By the end of this class, students will be able to:
- Explain overfitting and underfitting
- Compare training vs test performance
- Understand why feature scaling is required
- Apply feature scaling correctly
- Improve model stability using industry practices


## Context from Day 5

In Day 5, we:
- Used Train–Test Split
- Trained a model only on training data
- Evaluated performance on unseen test data

We noticed that accuracy can change.
Day 6 explains **why this happens** and **what to do about it**.


## Overfitting

Overfitting occurs when:
- Training accuracy is very high
- Test accuracy is significantly lower

This means the model has memorized training data instead of learning general patterns.


## Underfitting

Underfitting occurs when:
- Training accuracy is low
- Test accuracy is also low

This means the model is too simple and has not learned enough from the data.
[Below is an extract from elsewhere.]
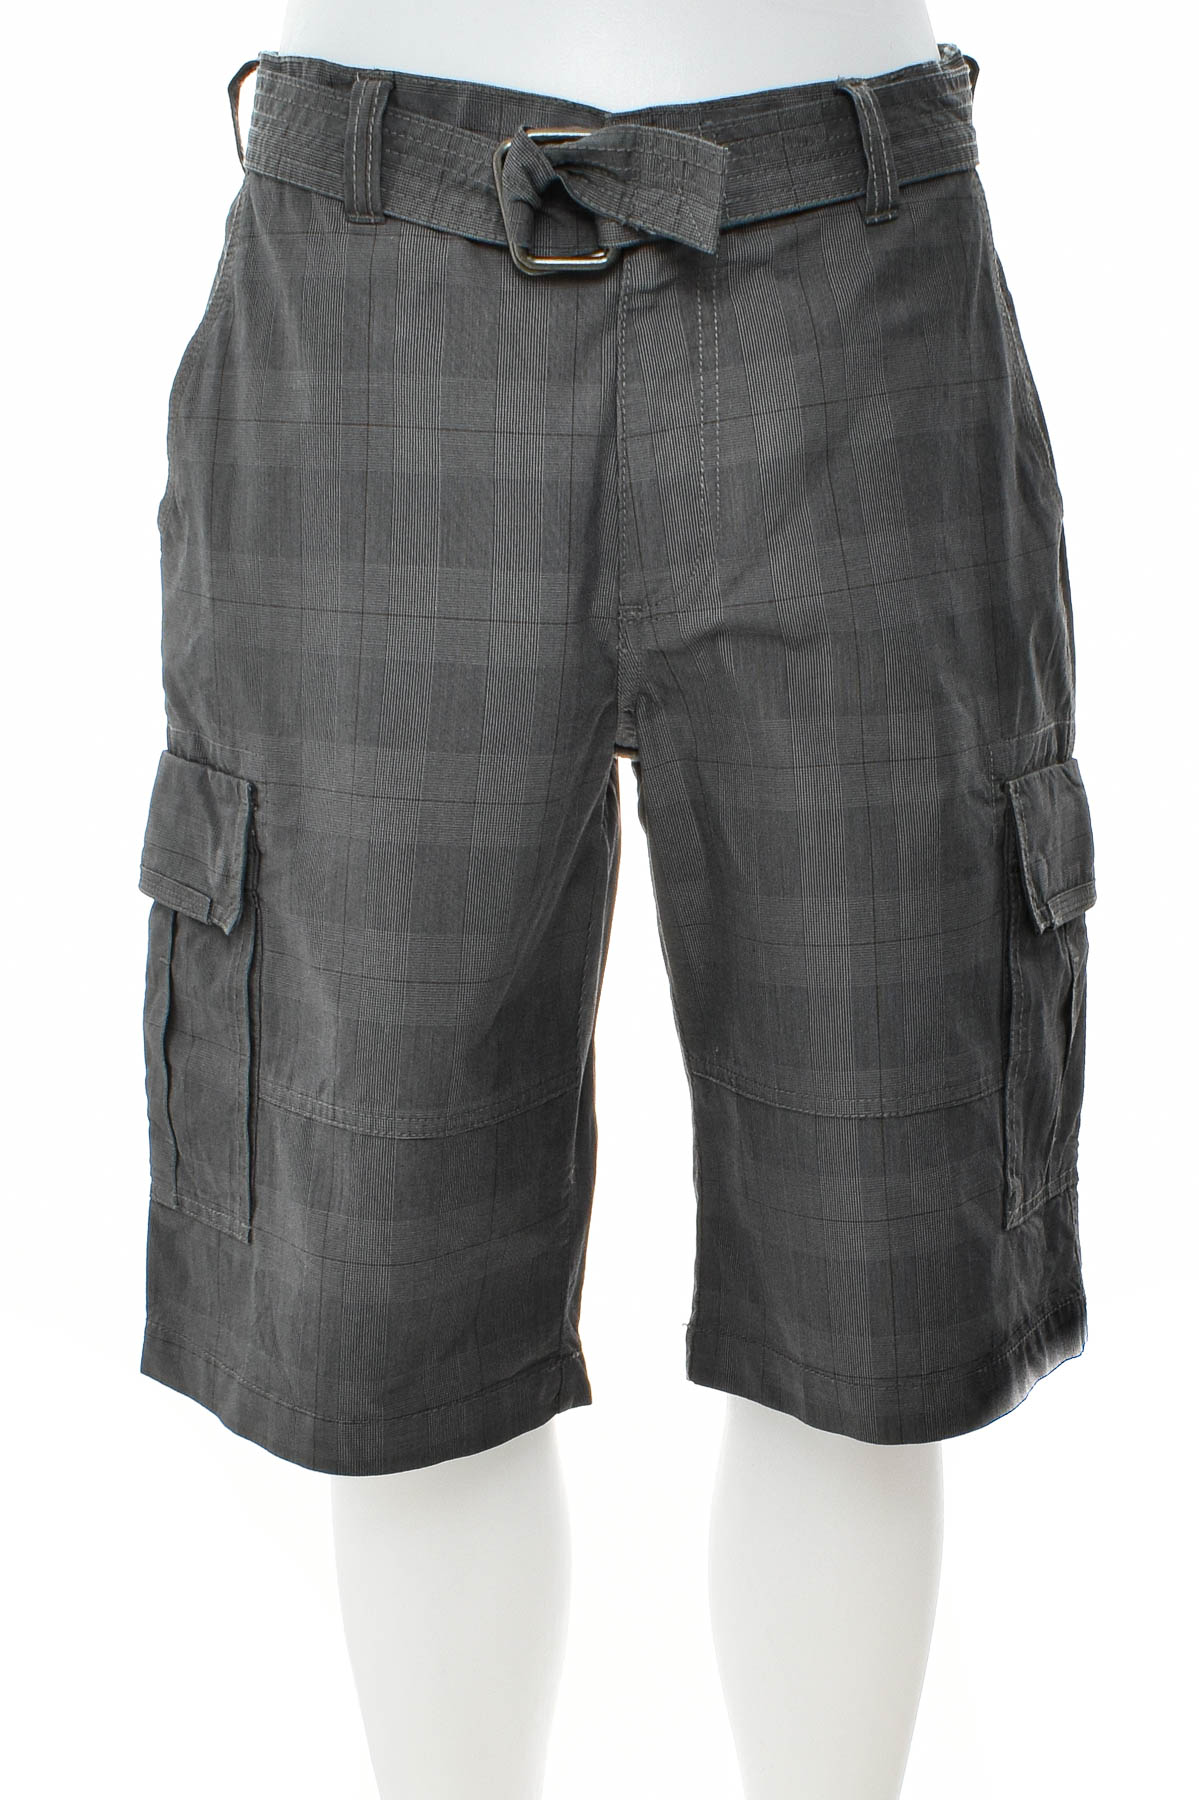 Men's shorts - Coolwater - 0

## Import Required Libraries


In [None]:
import numpy as np
from sklearn.model_selection import train_test_split
from sklearn.linear_model import LogisticRegression


## Dataset (Same as Day 5)

We keep the dataset unchanged to focus only on **model behavior and improvement techniques**.


In [None]:
X = np.array([
    [7.5, 1, 3],
    [6.2, 0, 2],
    [8.1, 2, 4],
    [7.0, 1, 3],
    [8.5, 3, 5],
    [5.9, 0, 1],
    [7.8, 2, 4],
    [6.8, 1, 2]
])

y = np.array([1, 0, 1, 1, 1, 0, 1, 0])

## Train–Test Split

We split the data to evaluate how well the model generalizes to unseen data.


In [None]:
X_train, X_test, y_train, y_test = train_test_split(
    X, y, test_size=0.25, random_state=42
)

## Training the Model Without Feature Scaling

First, we train the model using raw feature values.
This helps us observe baseline behavior.


In [None]:
model = LogisticRegression()
model.fit(X_train, y_train)

train_accuracy = model.score(X_train, y_train)
test_accuracy = model.score(X_test, y_test)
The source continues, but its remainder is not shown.